- Also known as: Misuda; A Chat with Beauties; Chit Chat with Beautiful Ladies;
- Hangul: 미녀들의 수다
- Hanja: 美女들의 수다
- RR: Minyeodeurui suda
- MR: Minyŏdŭrŭi suda
- Genre: Talk show
- Country of origin: South Korea
- Original language: Korean
- No. of seasons: 2

Production
- Production company: Korean Broadcasting System

Original release
- Network: KBS 2TV
- Release: November 26, 2006 – May 3, 2010

= Global Talk Show =

South Korean television program

Global Talk Show, also known as Misuda, was a South Korean television program on Korean Broadcasting System (KBS). The show features a panel of foreign women residing in South Korea, usually as international students, who discussed their experiences and cultures in a talk show format in the Korean language. After high viewer ratings from its first broadcast on October 7, 2006 during the Chuseok holiday, it became a regularly broadcast program starting November 26, 2006. Its final episode was aired on Christmas 2010.

==Overview==
The show's name has been variously translated as Chat with Beauties, Chatting Beauties, Beauties's Chatterbox, or Misuda (a shortened version of its Korean name).

The show was hosted by Nam Hui-seok, a television personality and comedian. Later on, announcer Eom Ji-in joined as co-host, and eventually Lee Yun-seok and Seo Gyeong-seok became the final hosts. The song "Bring It All Back" by S Club 7 is played after the opening cut to the studio floor that follows the playing of the opening intro and the viewer advisory that it is a rated "15" program. Unlike most talk shows, Global Talk Show does not have a live studio audience and instead uses audience laughter and applause tracks as well as on-screen text and sound effects.

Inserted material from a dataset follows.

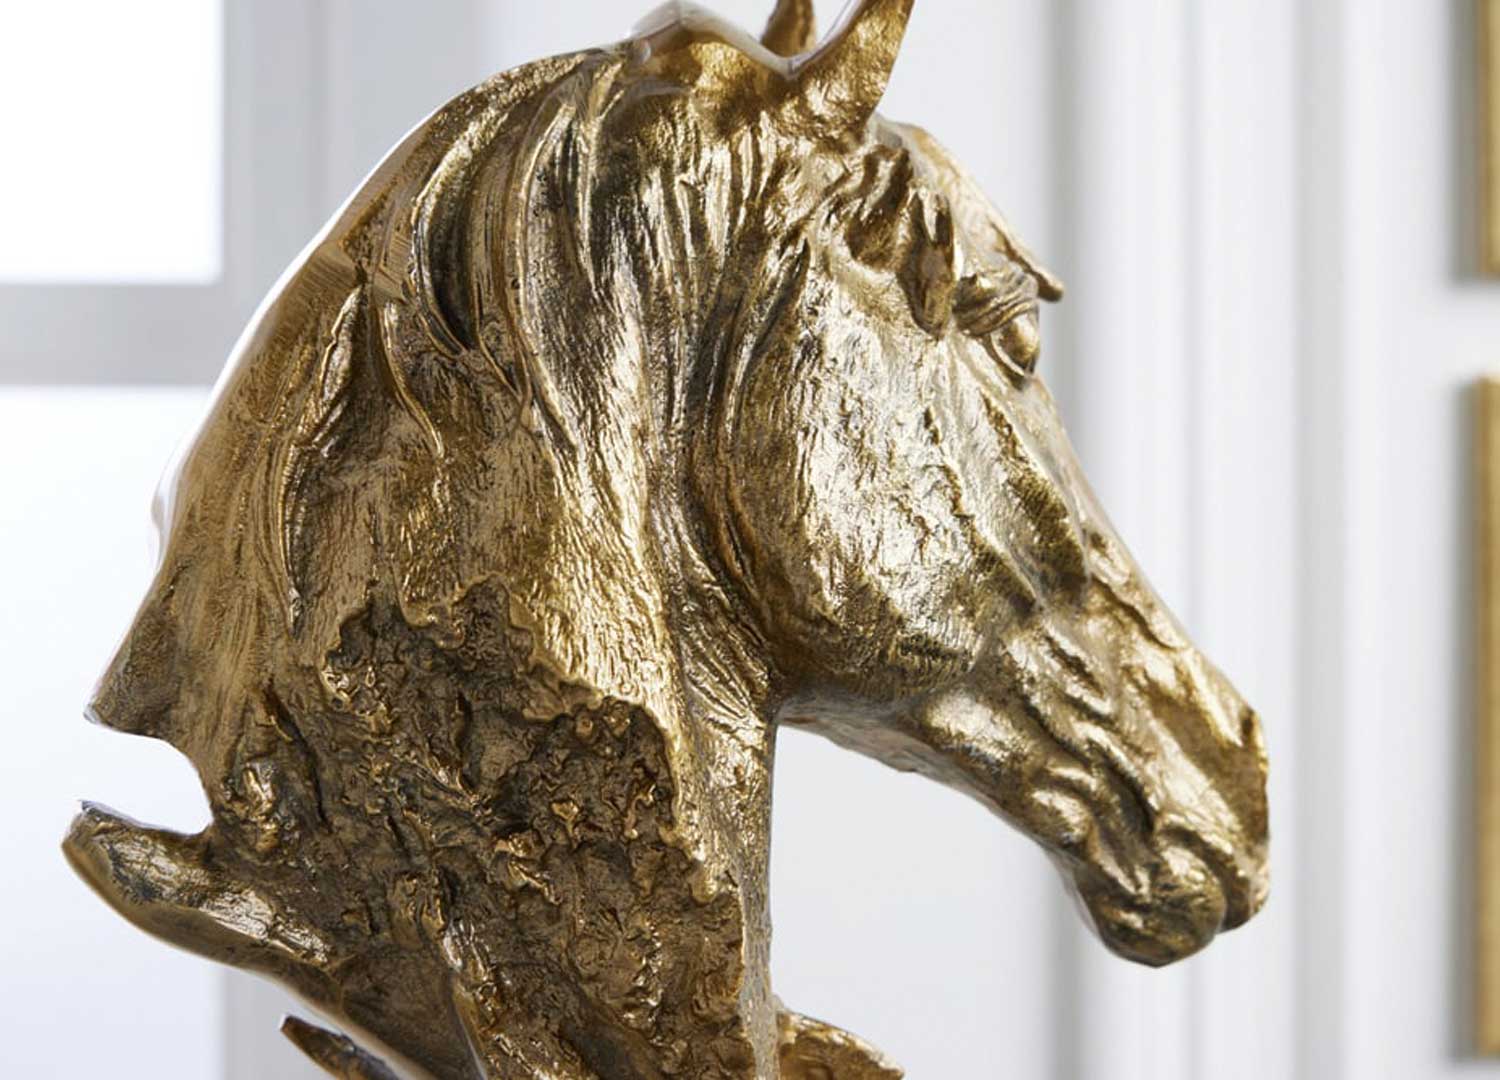 Arrière du buste de cheval décoratif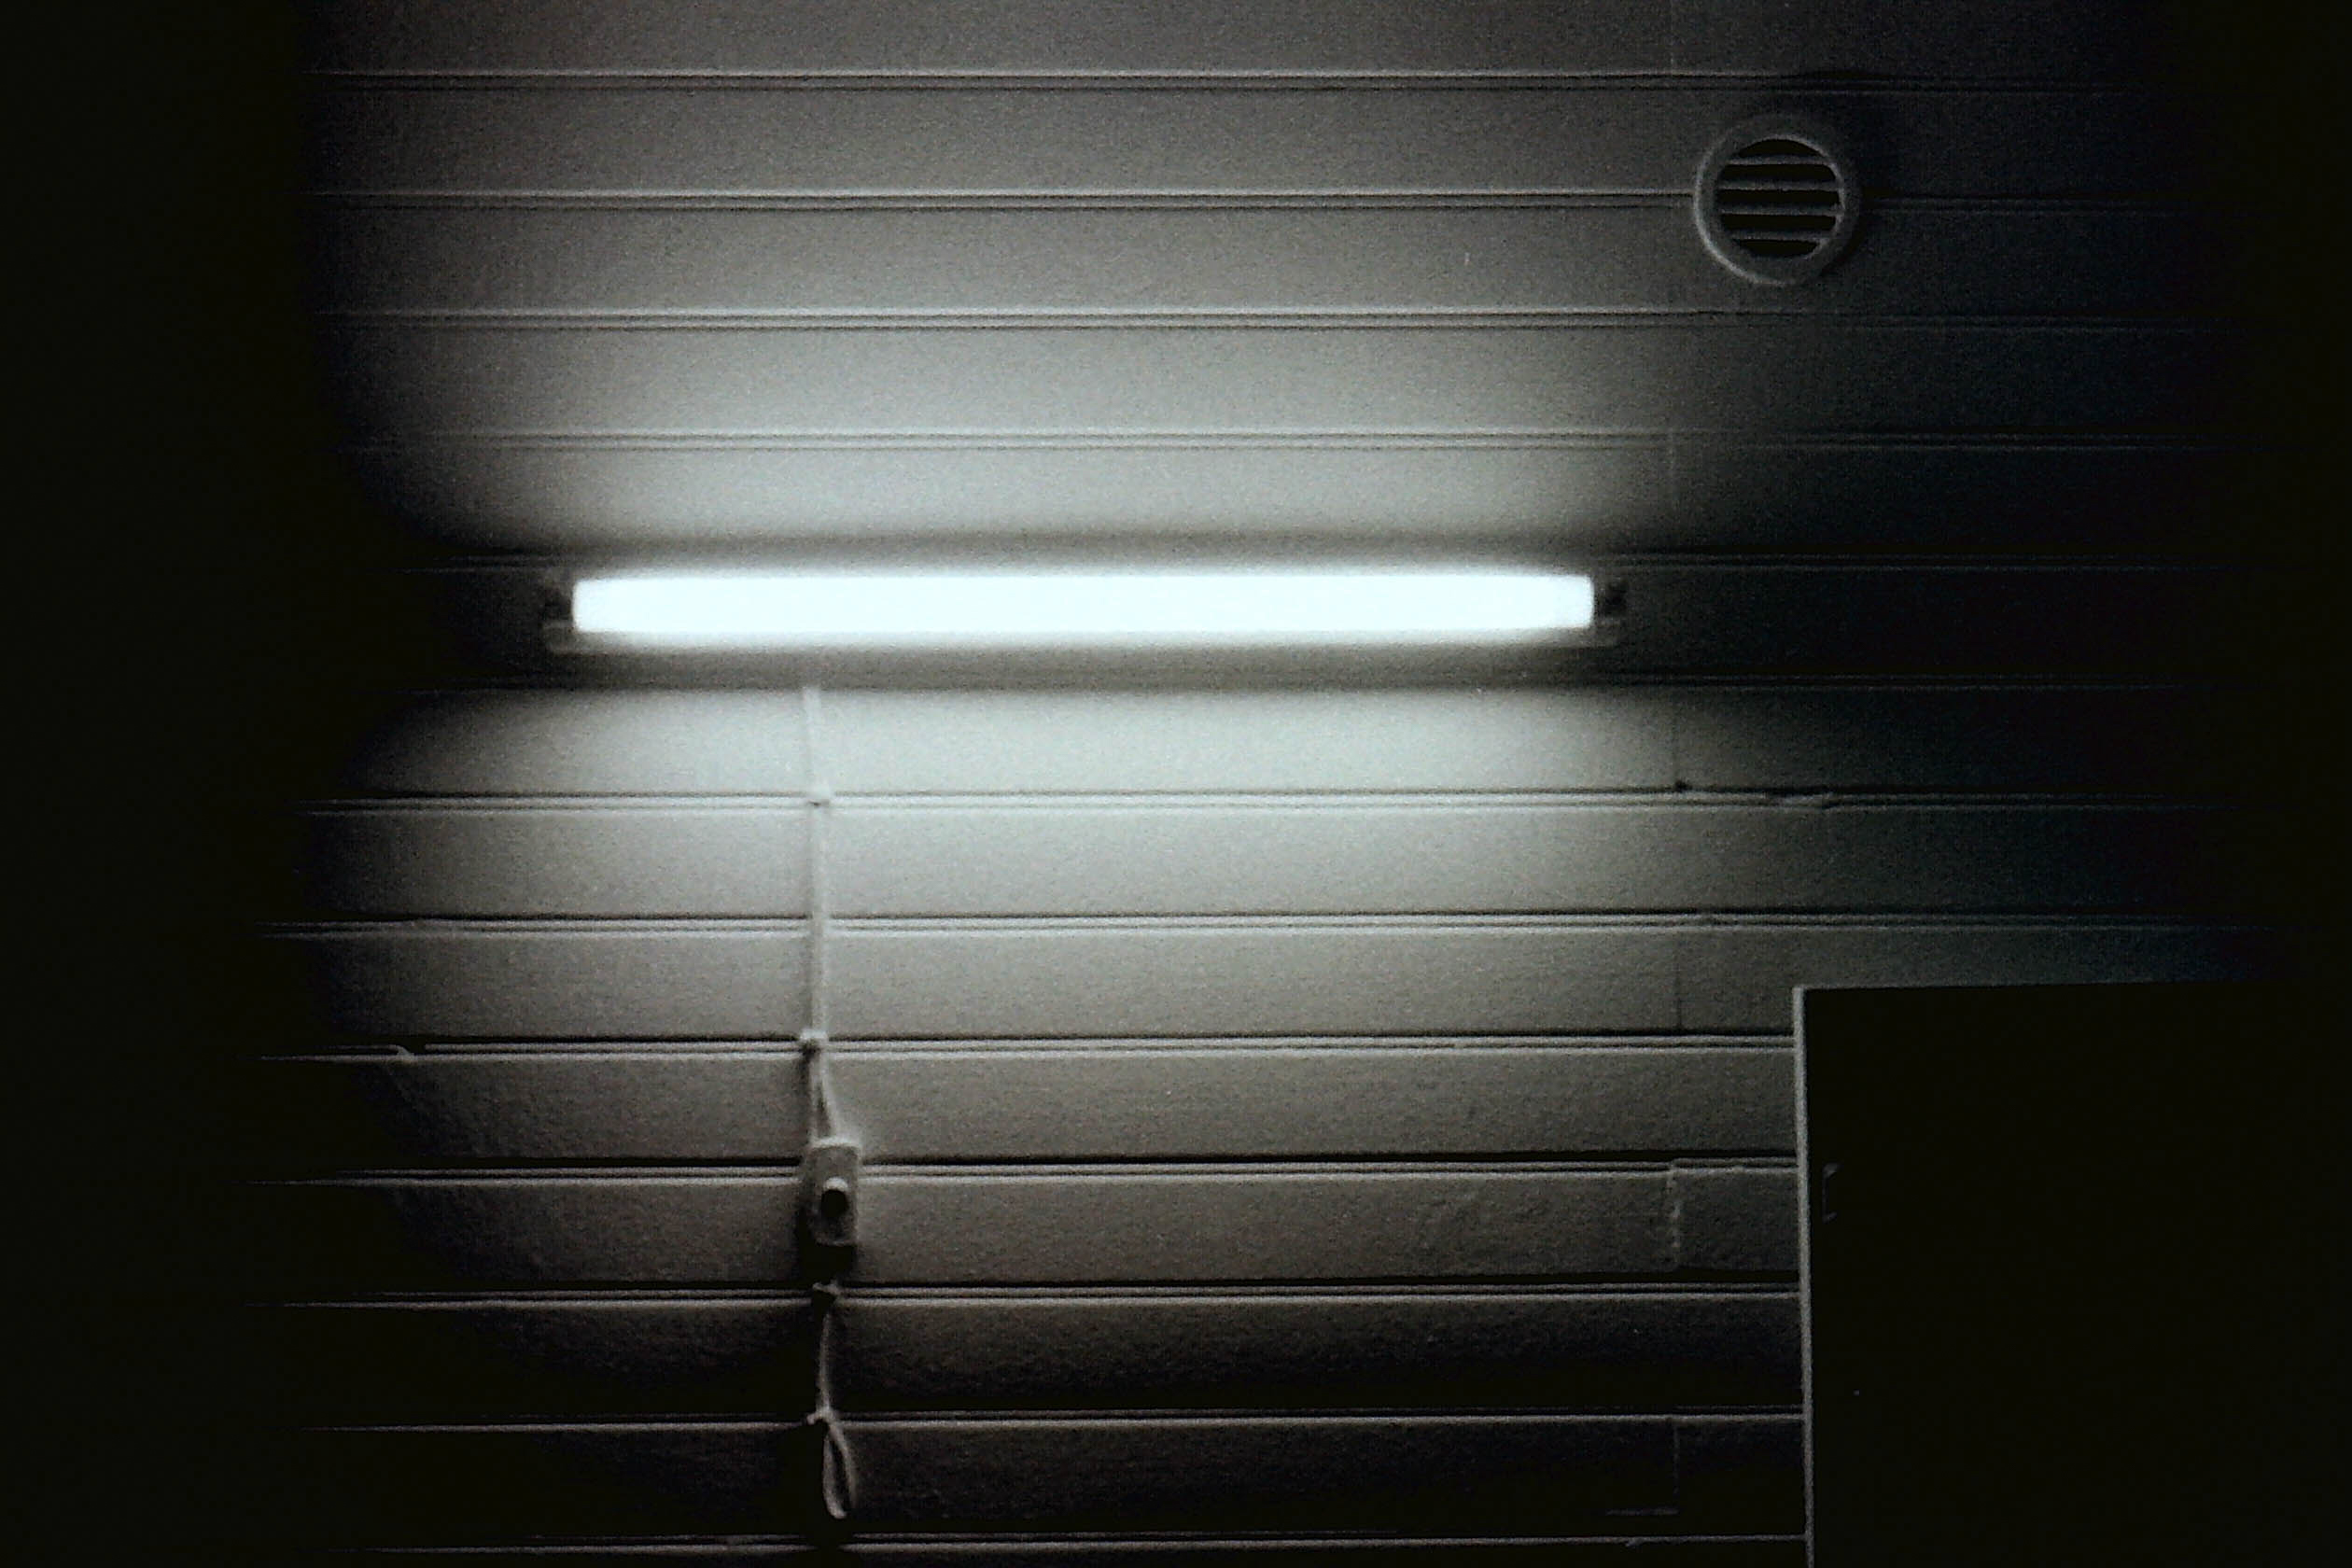 néon sur mur de lambris blanc avec interrupteur, cable et bouche d'aération dans la nuit en noir et blanc

In 2009 the program came under attack, receiving widespread criticism by internet users after a student panelist labeled short men (men under 180 cm) as "losers". The program suffered a decline in popularity thereafter and was later cancelled. Nevertheless, the popularity of the program gave celebrity status within South Korea to some of the panelists. A portion of the program was also published as a book featuring the same subject.

==Countries==

===Asia===
- ARM
- AZE
- CHN
- GEO
- HKG
- IND
- IDN
- ISR
- JOR
- JPN
- KAZ
- KGZ
- MYS
- MNG
- IRQ
- NPL
- SGP
- THA
- TUR
- TWN
- UZB
- VNM

===Africa===
- CMR
- EGY
- ETH
- GAB
- KEN
- ZAF
- TUN

===Europe===
- AUT
- CZE
- ESP
- FIN
- FRA
- GBR
- DEU
- ITA
- POL
- RUS
- SWE
- UKR

===Americas===
- BRA
- CAN
- COL
- ECU
- MEX
- PRY
- USA
- GUA

===Oceania===
- AUS
- NZL
- GUM

==Notable alumnae==
Many Misuda graduates have gone on to become highly active in the entertainment industry both in Korea and abroad:
- Bronwyn Mullen and Sayuri Fujita regularly appear on KBS, SBS, and MBC.
- Vickie Eisenstein and Marie-Anne Pasquet have both appeared on KBS's Go Go! Korea Travelogue
- Annabelle Ambrose hosted the radio show Drivetime on tbs eFM with Sam Hammington.
- Vera Hohleiter published a book in Germany about her experiences in Korea, which was interpreted by many South Koreans to be unduly critical of their country.

==Other versions==
- YouTube once had a home recorded video of the "Korea Talk Show", with people from different provinces in South Korea. There were two episodes uploaded in 2009. The video was not very famous and has now been deleted by the user.
- Thailand has a Thai language version of this show on the Thai TV channel TV3 by the name of Sonthana Kham Ayu (สนทนาข้ามอายุ; "Discussion Over Age"), with its participants hailing from all over Thailand and grouped by age from 5-14, 15-24, 25-34, 35-44, 45-54 and 55+, with each age range represented by 1 to 2 people. The sign have the name and age range. The show premiered in May 2011.